> **EXERCISE DATA**:
■ ■ ■ ■ ■

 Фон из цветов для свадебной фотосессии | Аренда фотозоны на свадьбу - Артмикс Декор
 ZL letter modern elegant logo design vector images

■ ■ ■ ■ ■

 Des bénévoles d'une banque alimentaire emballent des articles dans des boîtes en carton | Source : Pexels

■ ■ ■ ■ ■

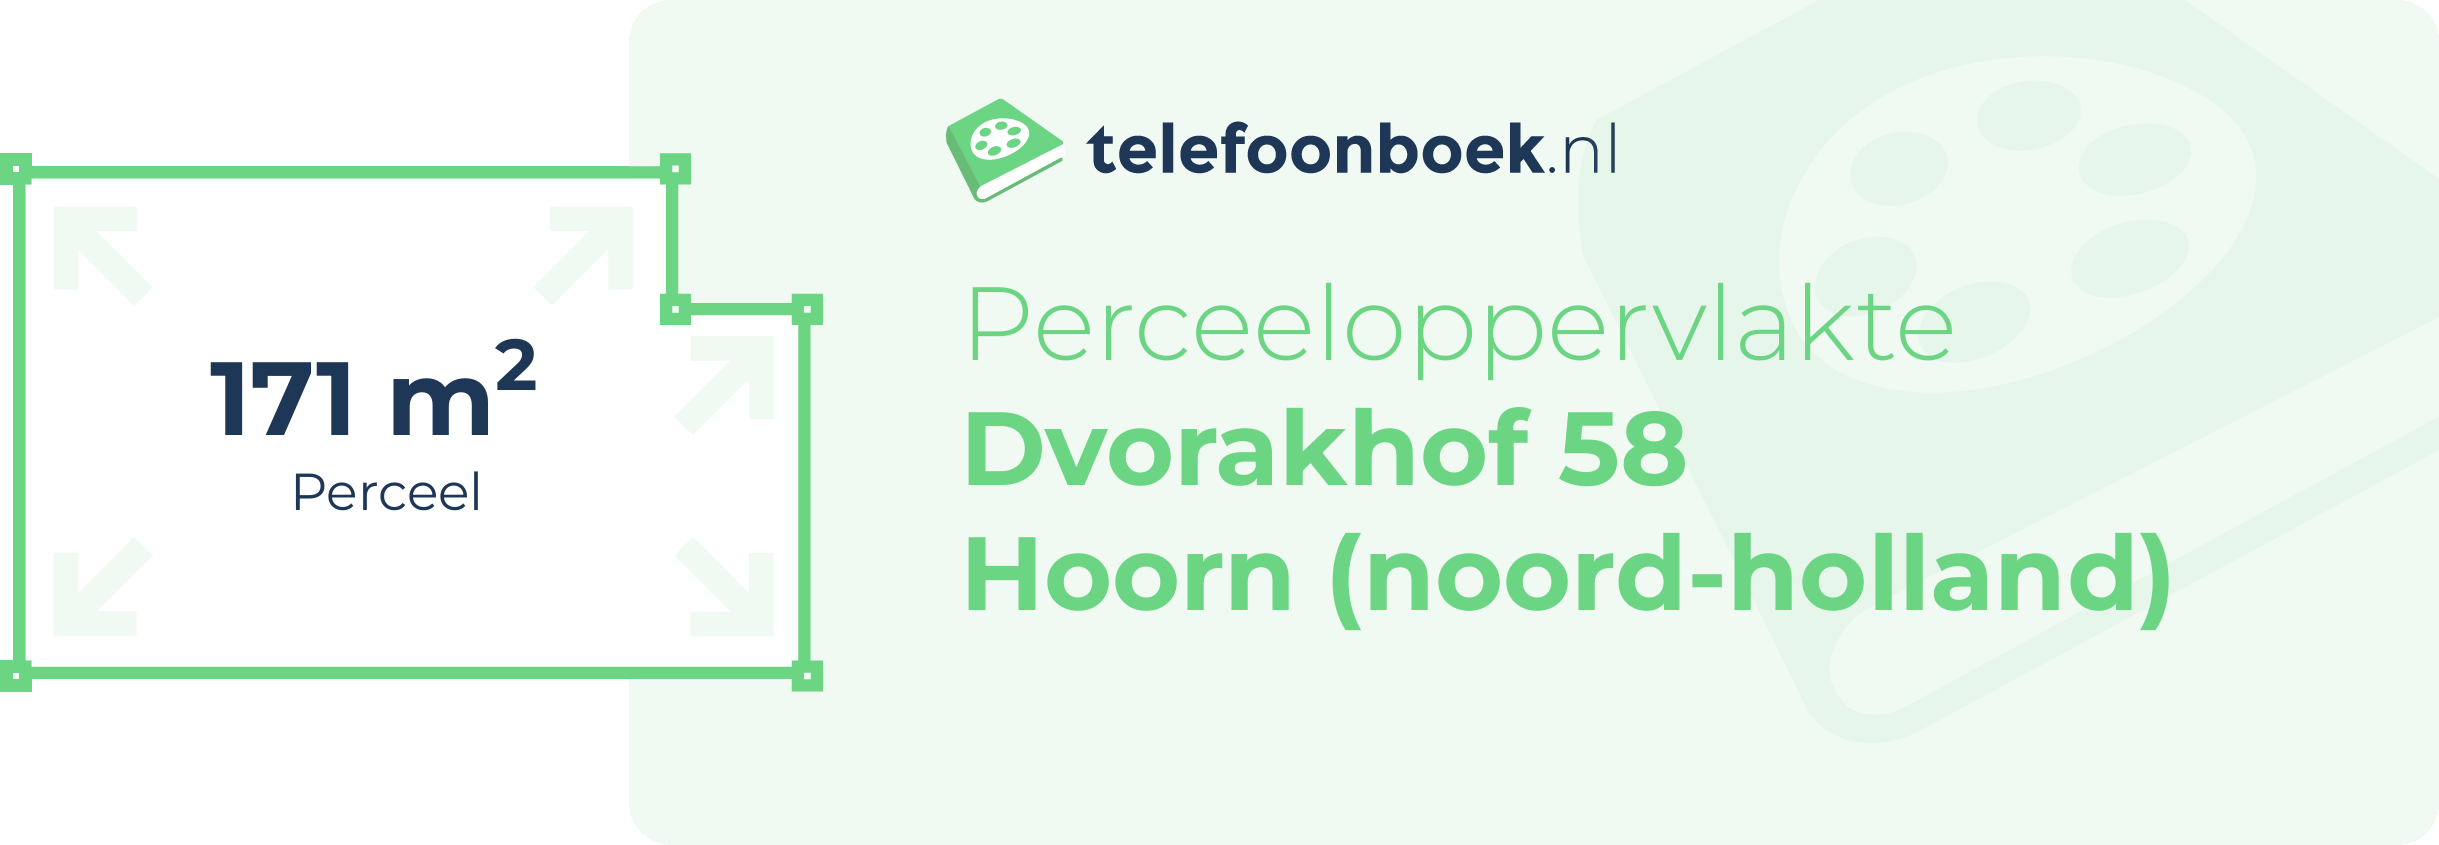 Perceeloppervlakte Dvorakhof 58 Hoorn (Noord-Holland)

■ ■ ■ ■ ■

> **WHAT YOU WILL DO**: In the listing above, find the line containing "Фон из цветов" and the line containing "ZL letter modern", then retype both and every line between them exactly, with nothing else.

> **ANSWER SPACE**:
 Фон из цветов для свадебной фотосессии | Аренда фотозоны на свадьбу - Артмикс Декор
 ZL letter modern elegant logo design vector images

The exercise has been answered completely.